PROVIDED MATERIAL —
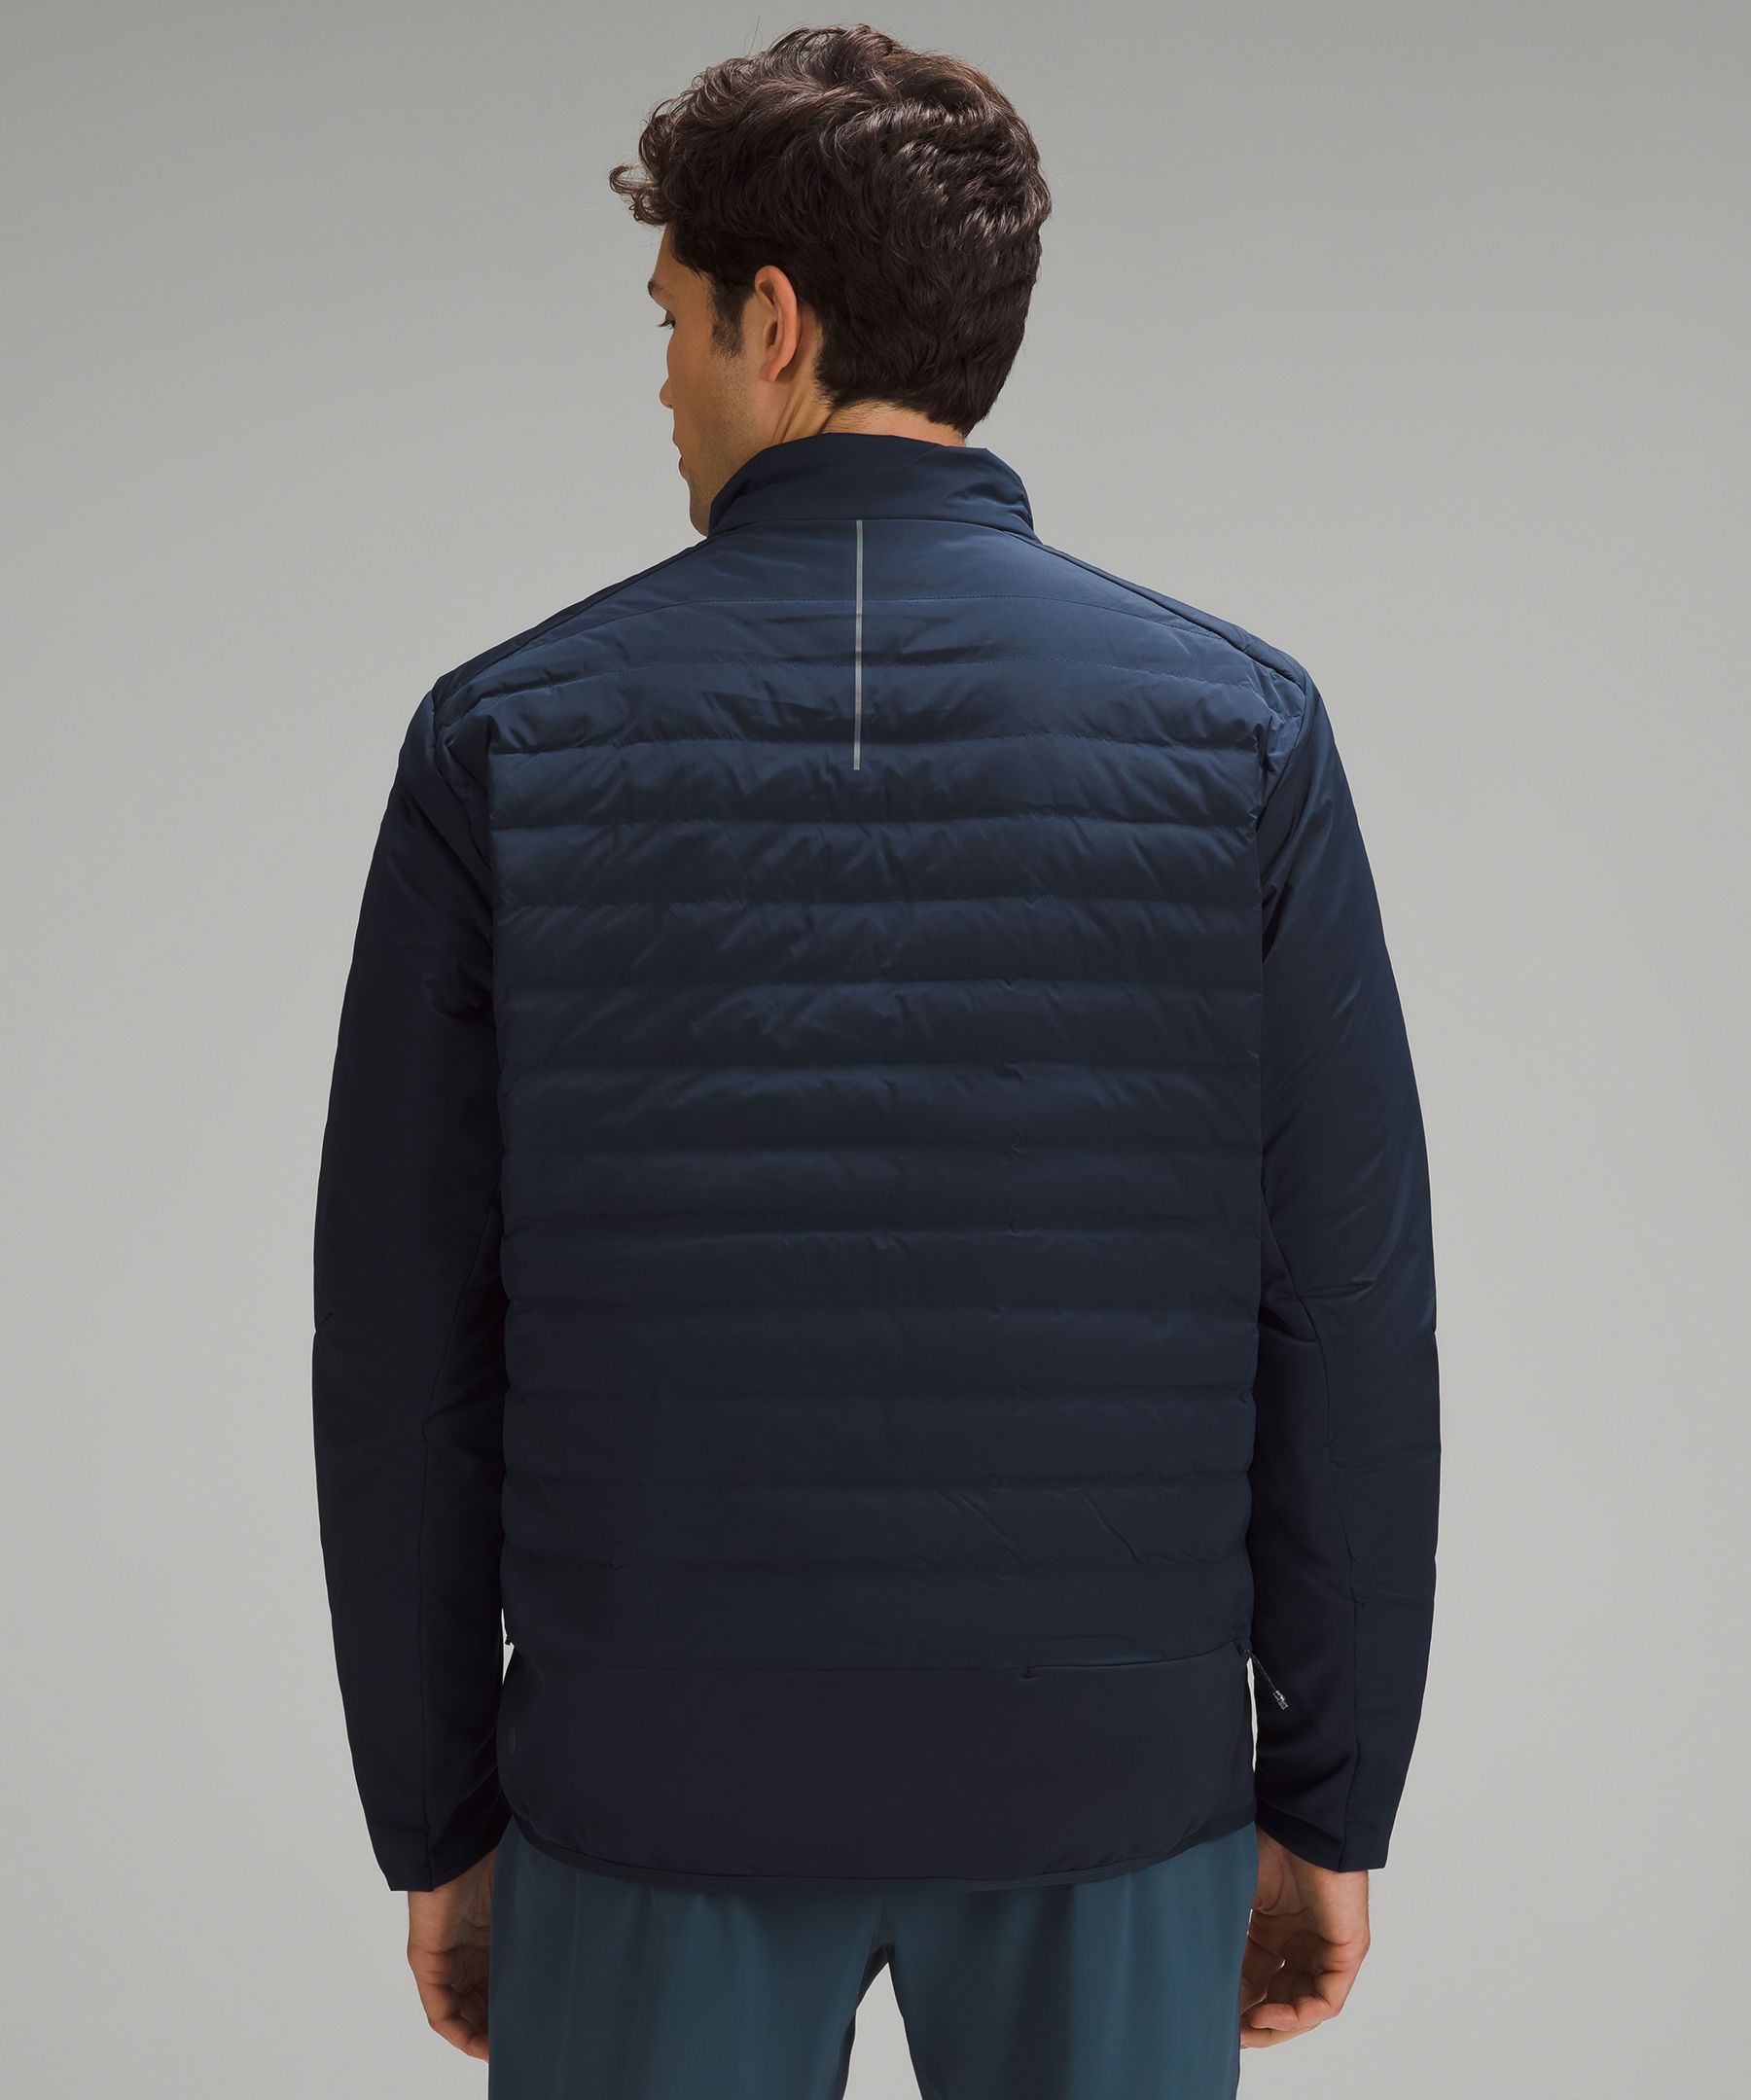 Lululemon athletica Down for It All Hoodie, Men's Coats & Jackets
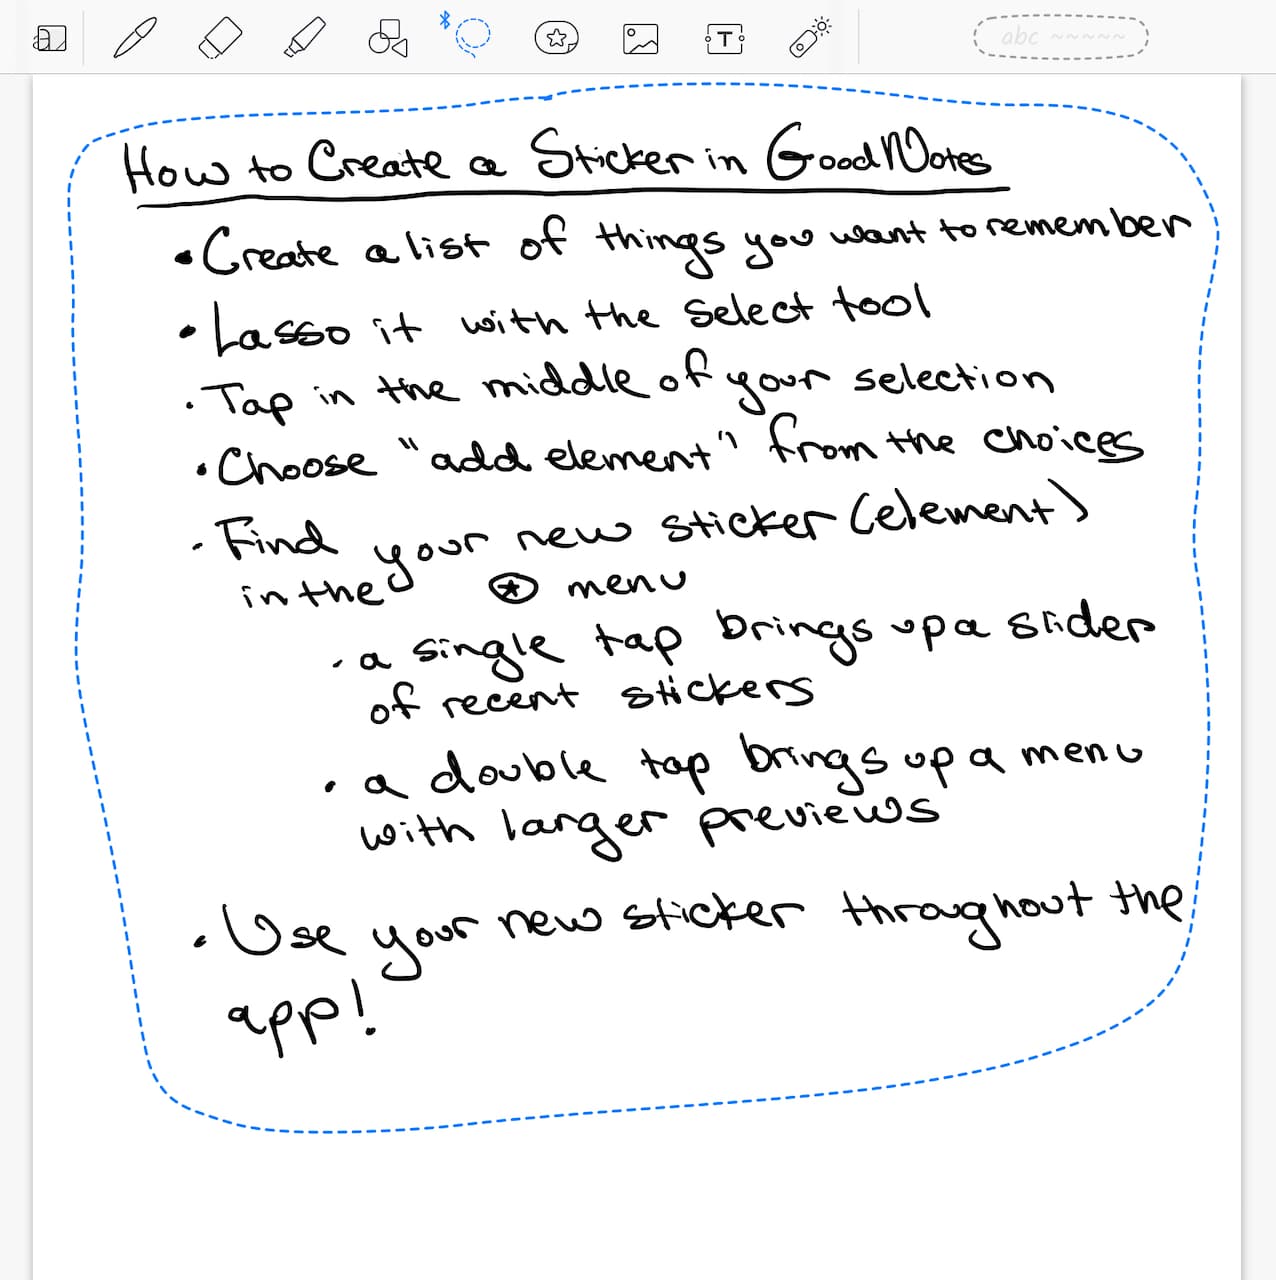 Image with directions on how to create a GoodNotes sticker
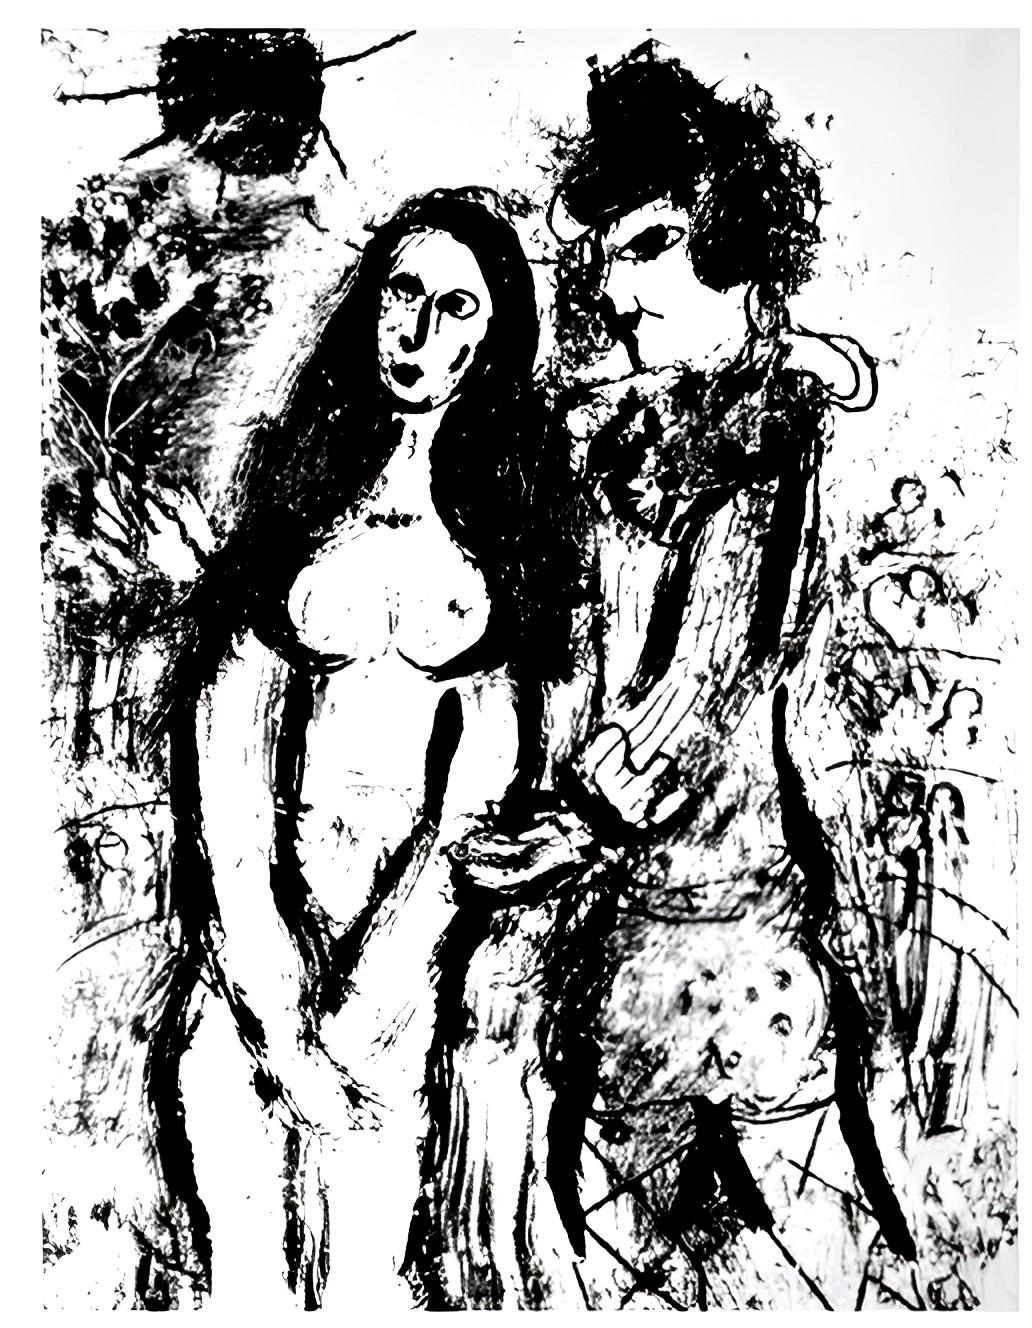 Clown In Love from Chagall Lithographs I - Print by (after) Marc Chagall
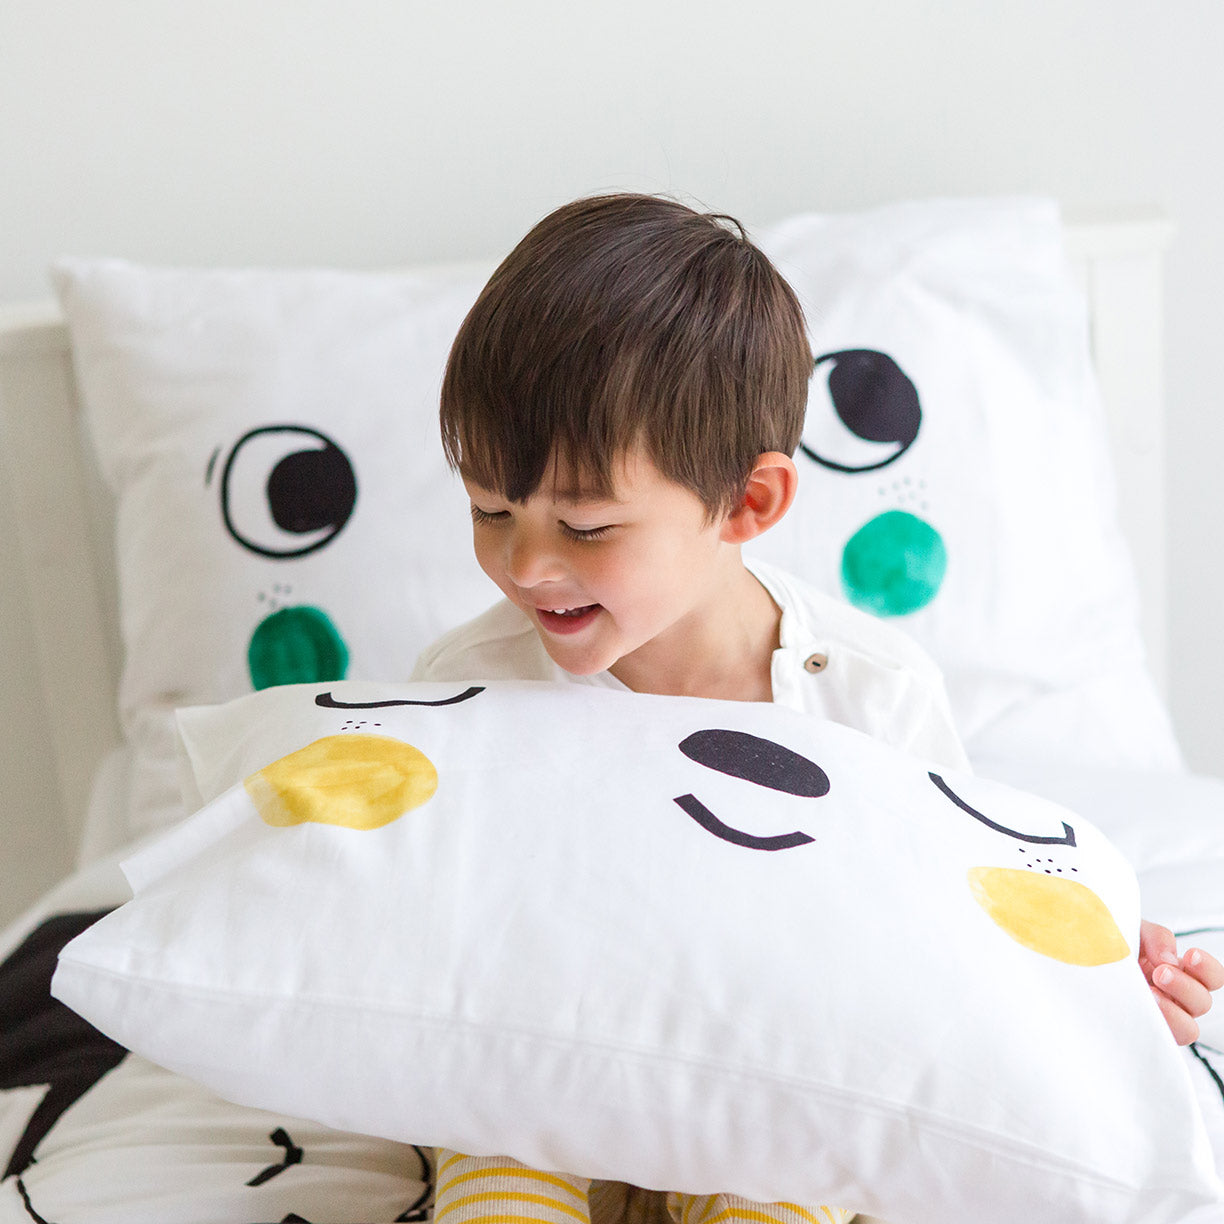 2-pack Happy Faces Standard Size Pillowcases

TASK DESCRIPTION — In your reply, please print exactly the lines from the one with "Image with directions" through the final line of the listing above, both included, and no pictures.

EXERCISE SOLUTION —
 Image with directions on how to create a GoodNotes sticker
 Clown In Love from Chagall Lithographs I - Print by (after) Marc Chagall
 2-pack Happy Faces Standard Size Pillowcases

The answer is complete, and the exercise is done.